If the Judge himself views the electronic document which is dependent on the system used, software used etc, then he becomes the person responsible under Section 65B to state that the computer which rendered the binary stream contained in the memory card rendered in a particular manner and will do so in future also in similar circumstances.

We can then say that the onus of providing the Section 65B certificate shifts from the person producing the memory card to the Court itself.

The fact that an electronic document residing in Yahoo Group server could be accepted as evidence based on a certificate produced locally by a private person like me was established in the Suhas Katti case in 2004 itself. There was no need for the “hard disk of yahoo group” to be produced in the Court. I suppose this is a universally accepted fact as of now that where there is a Section 65B certificate of a computer output, there is no need for the production of the original electronic document.

In the Basheer case one part that I did not agree with was a reference to the CD in which the offending speech or song was contained as a “Original”. This term has to be correctly defined.

The terminology that should have been used here was the “First Container of the stream of electronic data elements that constitute the evidence in question” instead of the “Original CD”.

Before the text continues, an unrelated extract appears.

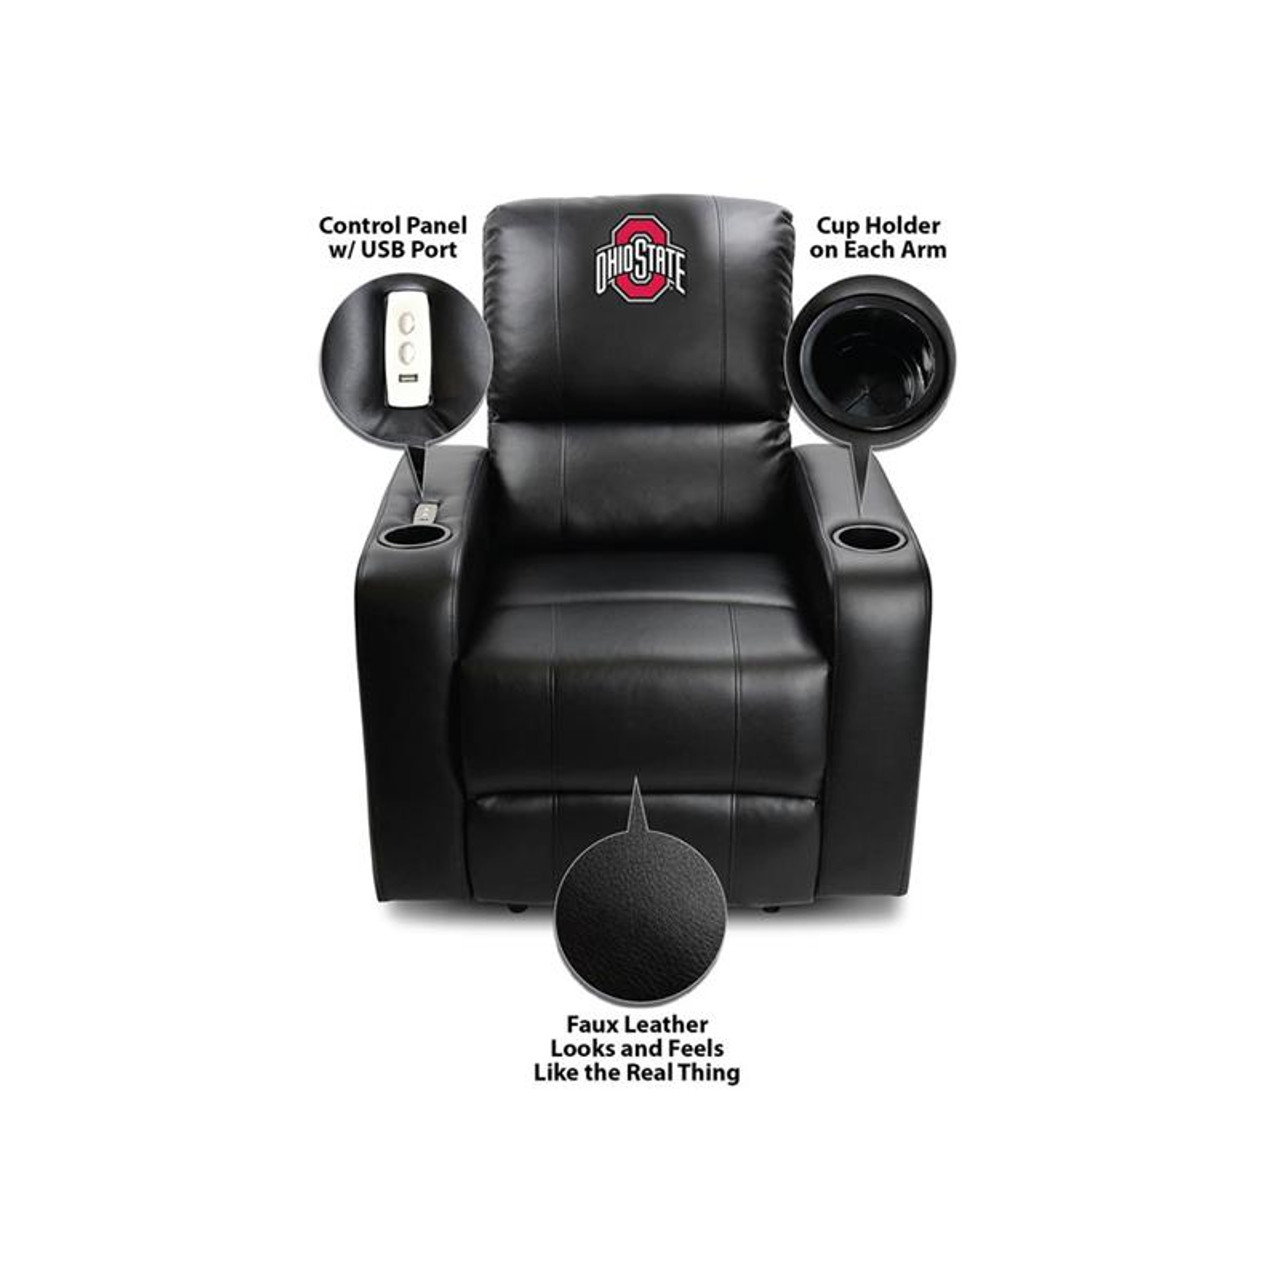 417-4001, Boston, Bruins, BOS, OS, Power, Theater, Seating,  Recliner, USB, Port, FREE SHIPPING, NHL, Imperial, 720801174013

We should refrain from confusing between the “Stream of zeros and ones” which are “Binary impulses recorded for future reference and interpretation” in some form, and the container in which these are held together for the time being.

Imagine the situation where a laser computer screen is created in front of your eyes in free space where you see the information that you normally see on a computer monitor. The words are now floating in the air and there is no surface on which they seem to reside. But no such surface actually exists. This clearly establishes the fact that “binary stream” can exist and actually does exist independent of the “Container”.

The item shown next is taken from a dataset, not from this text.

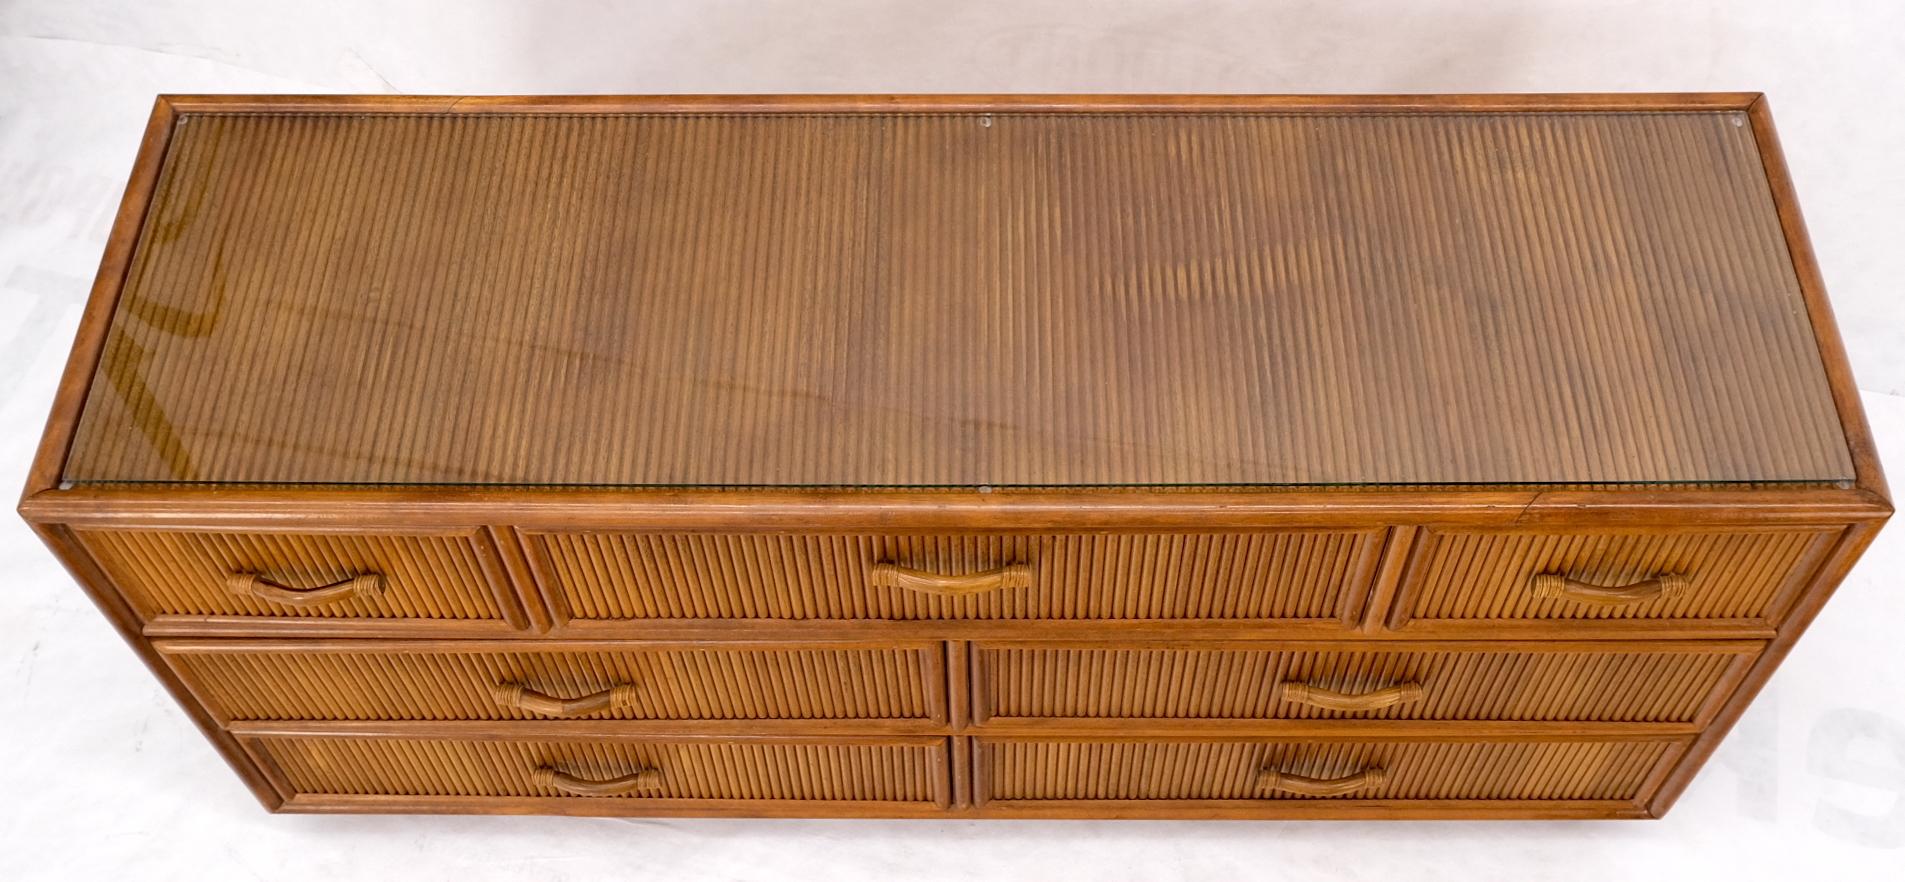 Very clean organic pencil reed style 7 drawers dresser credenza.

Another easy way to understand this is in the concept of the “Soul” and the “Body” in Indian philosophy. Does soul exist independent of the body?.. Indian philosophy agrees that Soul exists independent of the body and that when a person dies, the soul leaves the body and ultimately finds another body in which its past life memories are in tact and if there is a right environment, the erased and reformatted memory of the soul in the past life can be rendered in the new body. (Hypnotic age regression). The soul perhaps exists in this transitory state until it merges itself with the “Paramatma” which we call “Attaining Moksha” in some forms of philosophy.

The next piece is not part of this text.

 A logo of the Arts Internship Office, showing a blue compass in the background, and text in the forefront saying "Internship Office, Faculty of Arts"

Without going deeper into philosophy, we should conclude that

a) “Electronic Document means a stream of binary data arranged in such a manner that under appropriate rendition of the stream through a computer device, it produces the human experience of a readable document or an audio or a video.”

b) A memory card or a hard disk is a device which holds the stream of binary data and makes it available to be used as a hardware which becomes part of the larger computer system that renders the human experience of a stream of binary data.

In an earlier article, I have referred to the Trisha Defamation Case in Chennai AMM Court where I was invited by the Magistrate in a similar circumstance when the CD was already in his hands and there was no need for an external party to certify it in ordinary prudence.

I appreciate the vision of the magistrate D. Arul Raj who correctly interpreted the law that he should not take the responsibility of writing in the judgement,

“I viewed the contents of the CD which contained so and so information… which contravenes such and such law…etc”.

He decided that he requires a third party to certify it and provide him a Section 65B certificate. In this case, I was the person called upon to do so.

Unfortunately This did not go into a judgement (as I understand) since the complainant later withdrew the complaint.

In my opinion, Cyber Jurisprudence does develop not only from the Judgements, but also from the views that emanate from the experts.

Remember that after Afsan Guru judgement in 2005, many were quoting that I was not correct in maintaining that Section 65B certificate was mandatory for admissibility. But it took 9 more years of erroneous reading of the law to be upturned by the Basheer judgement in 2014.

In between I continued to hold my view and also argued with experts particularly in the National Police Academy who were listening to me on the one hand and also looking at the Afsan Guru judgement and spotted the discrepancy. Most other experts had not even observed this discrepancy and hence not raised the issue in any forum for a larger debate until the Basheer judgement reflected what I was saying all along.

Similarly, any of the views that I have expressed here may not be today the popular view or a view that is necessarily supported by a judgement. But I am confident that judgements will eventually follow what I have stated here.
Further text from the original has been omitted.